EXERCISE DIRECTIONS:
From the line with "第二十七届全国泌尿外科学术会议CUA2020" to the line with "Billet, France, 50", retype each line exactly as it stands in the records below, but skip the pictures.

RECORDED DATA:
__________________________________________________
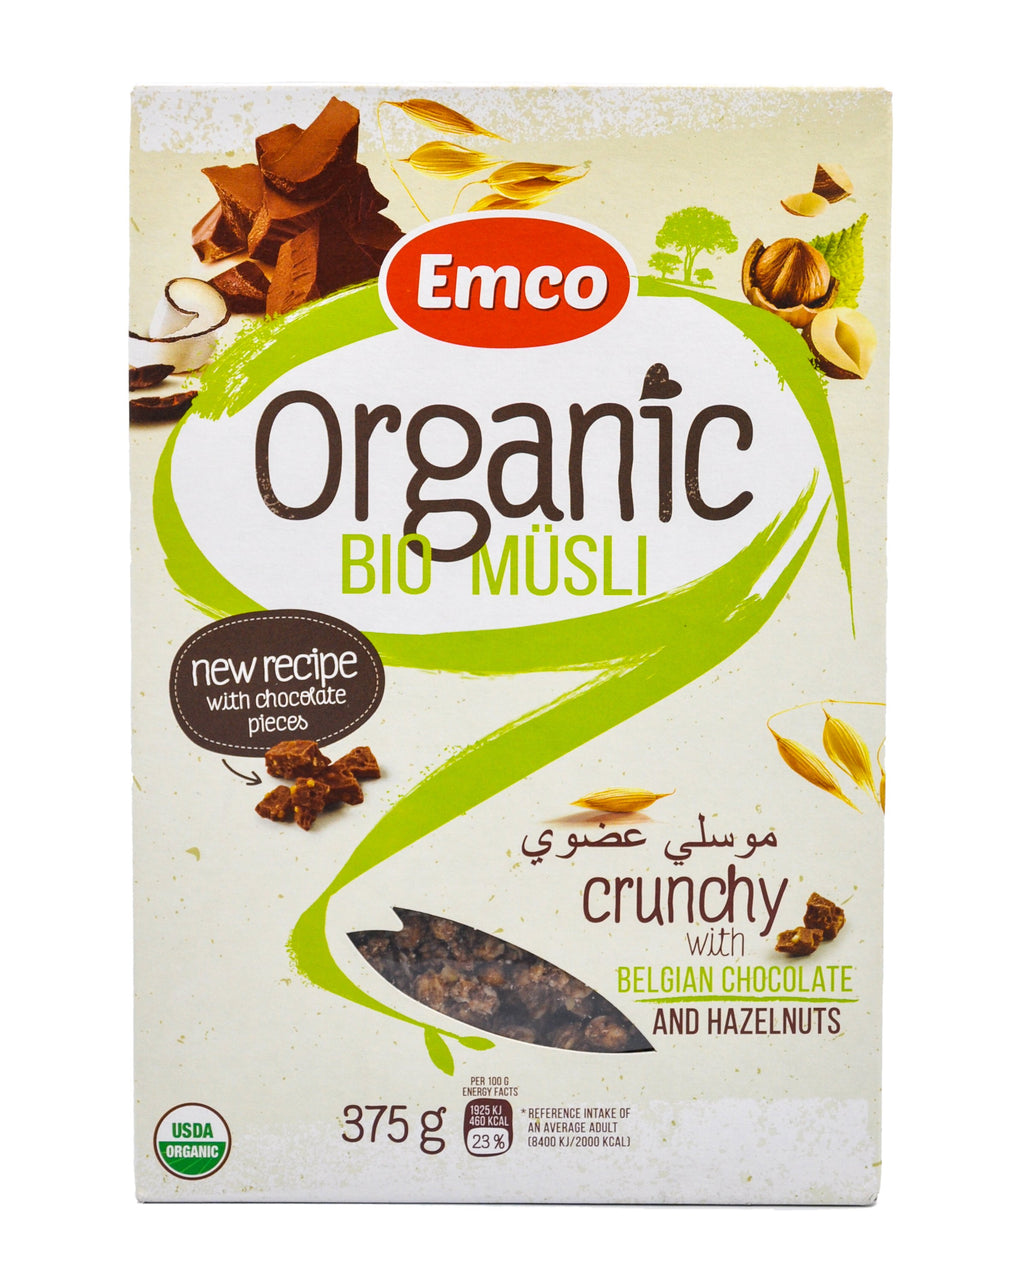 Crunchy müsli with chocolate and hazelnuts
__________________________________________________
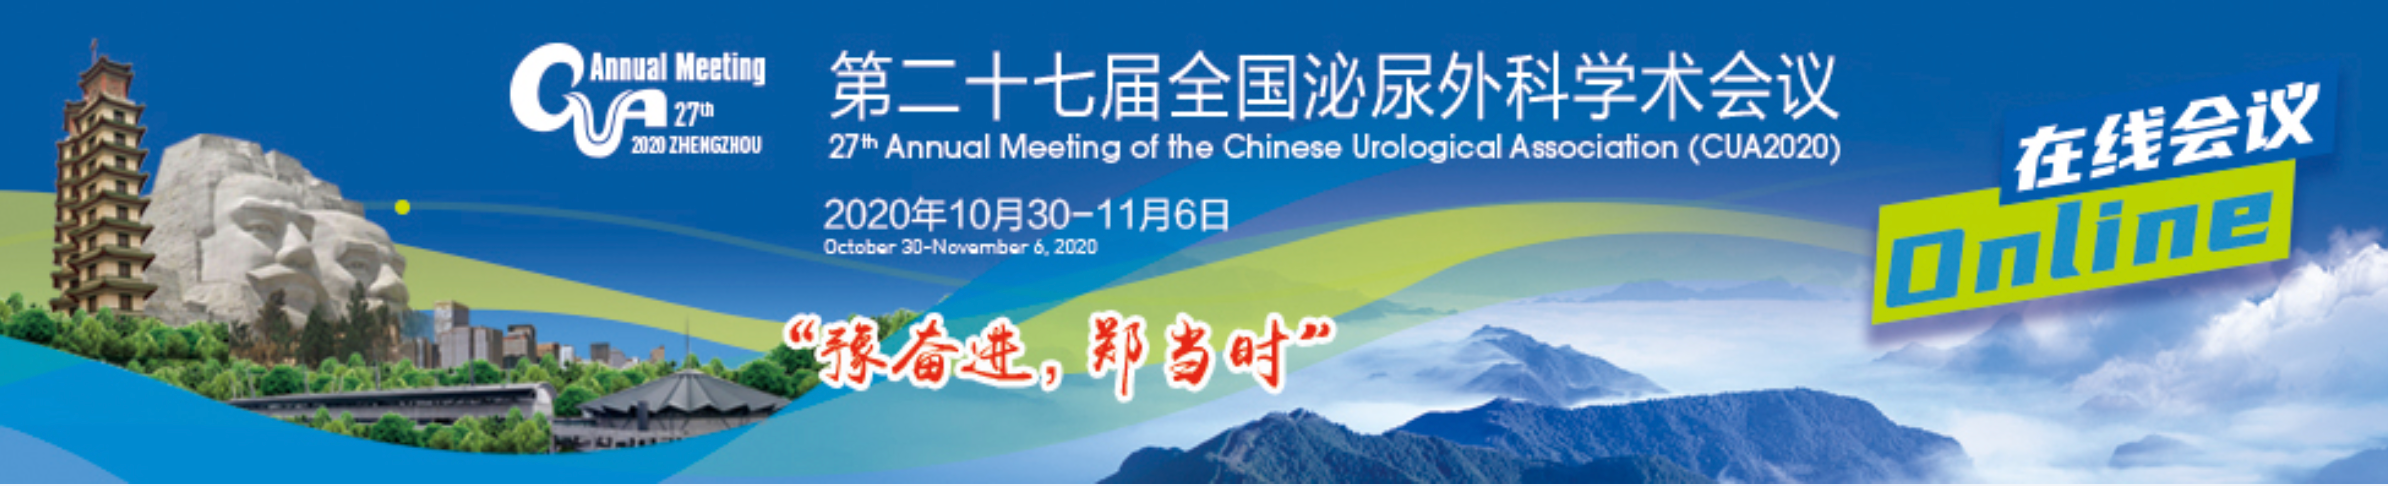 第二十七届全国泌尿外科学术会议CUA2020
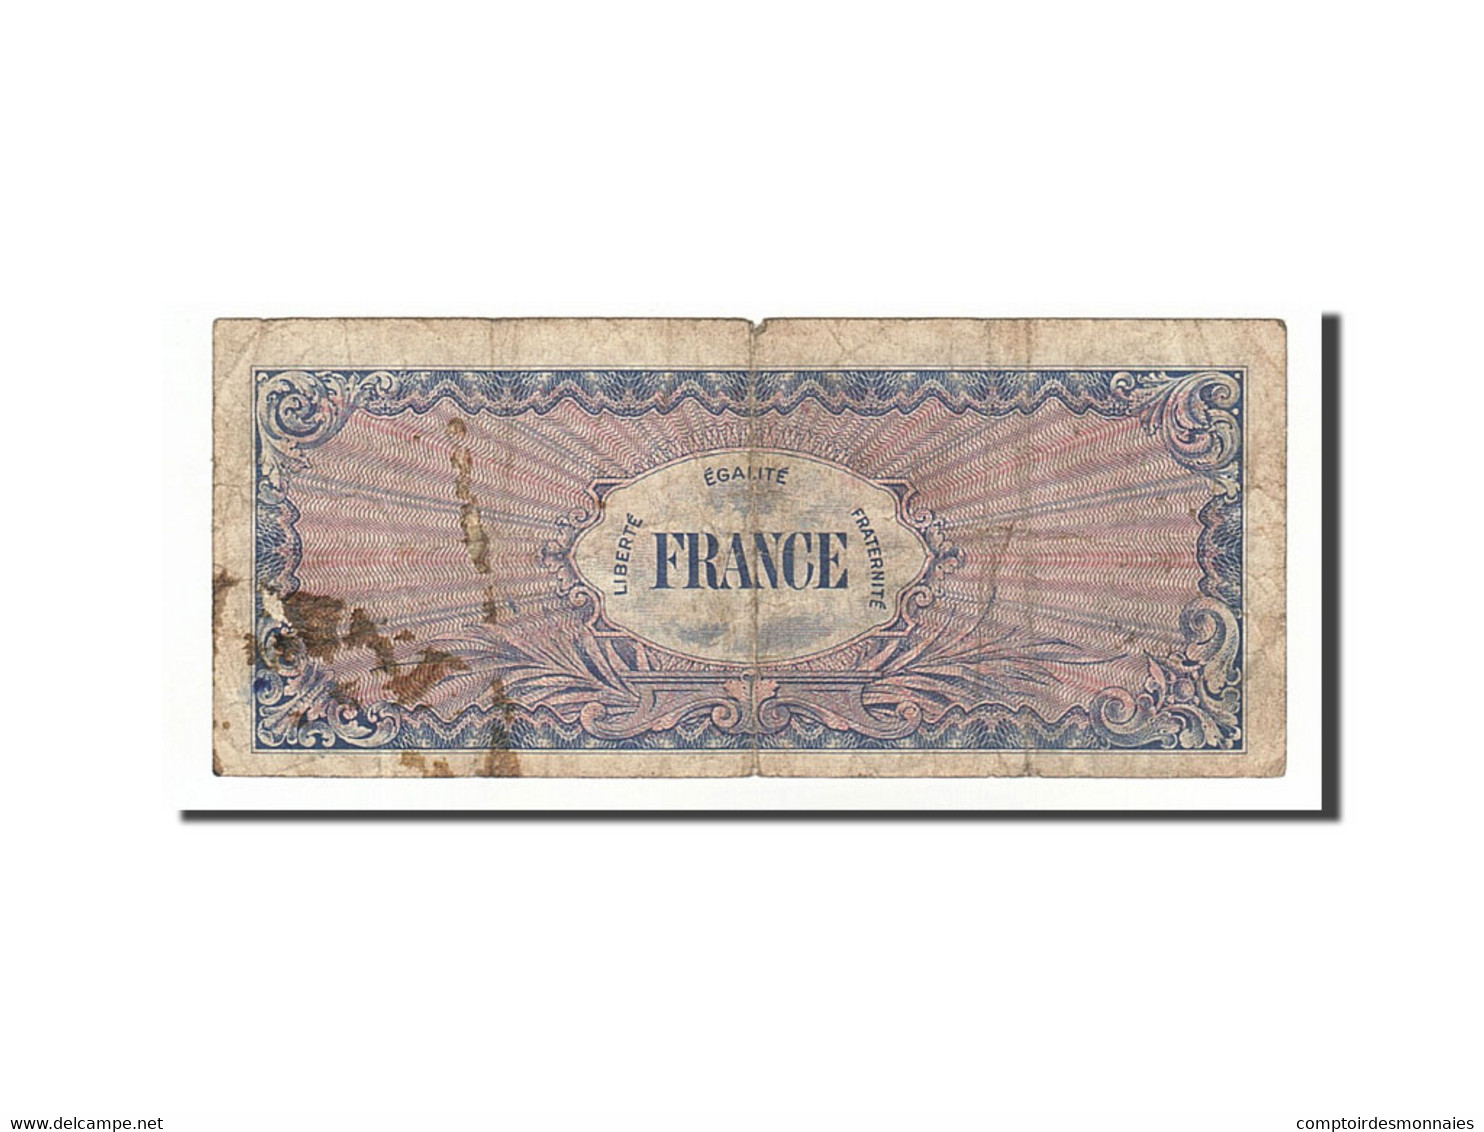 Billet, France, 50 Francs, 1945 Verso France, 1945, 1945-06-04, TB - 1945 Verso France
__________________________________________________
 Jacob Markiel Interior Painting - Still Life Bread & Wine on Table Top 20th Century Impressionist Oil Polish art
__________________________________________________
FINISHED TASK:
 第二十七届全国泌尿外科学术会议CUA2020
 Billet, France, 50 Francs, 1945 Verso France, 1945, 1945-06-04, TB - 1945 Verso France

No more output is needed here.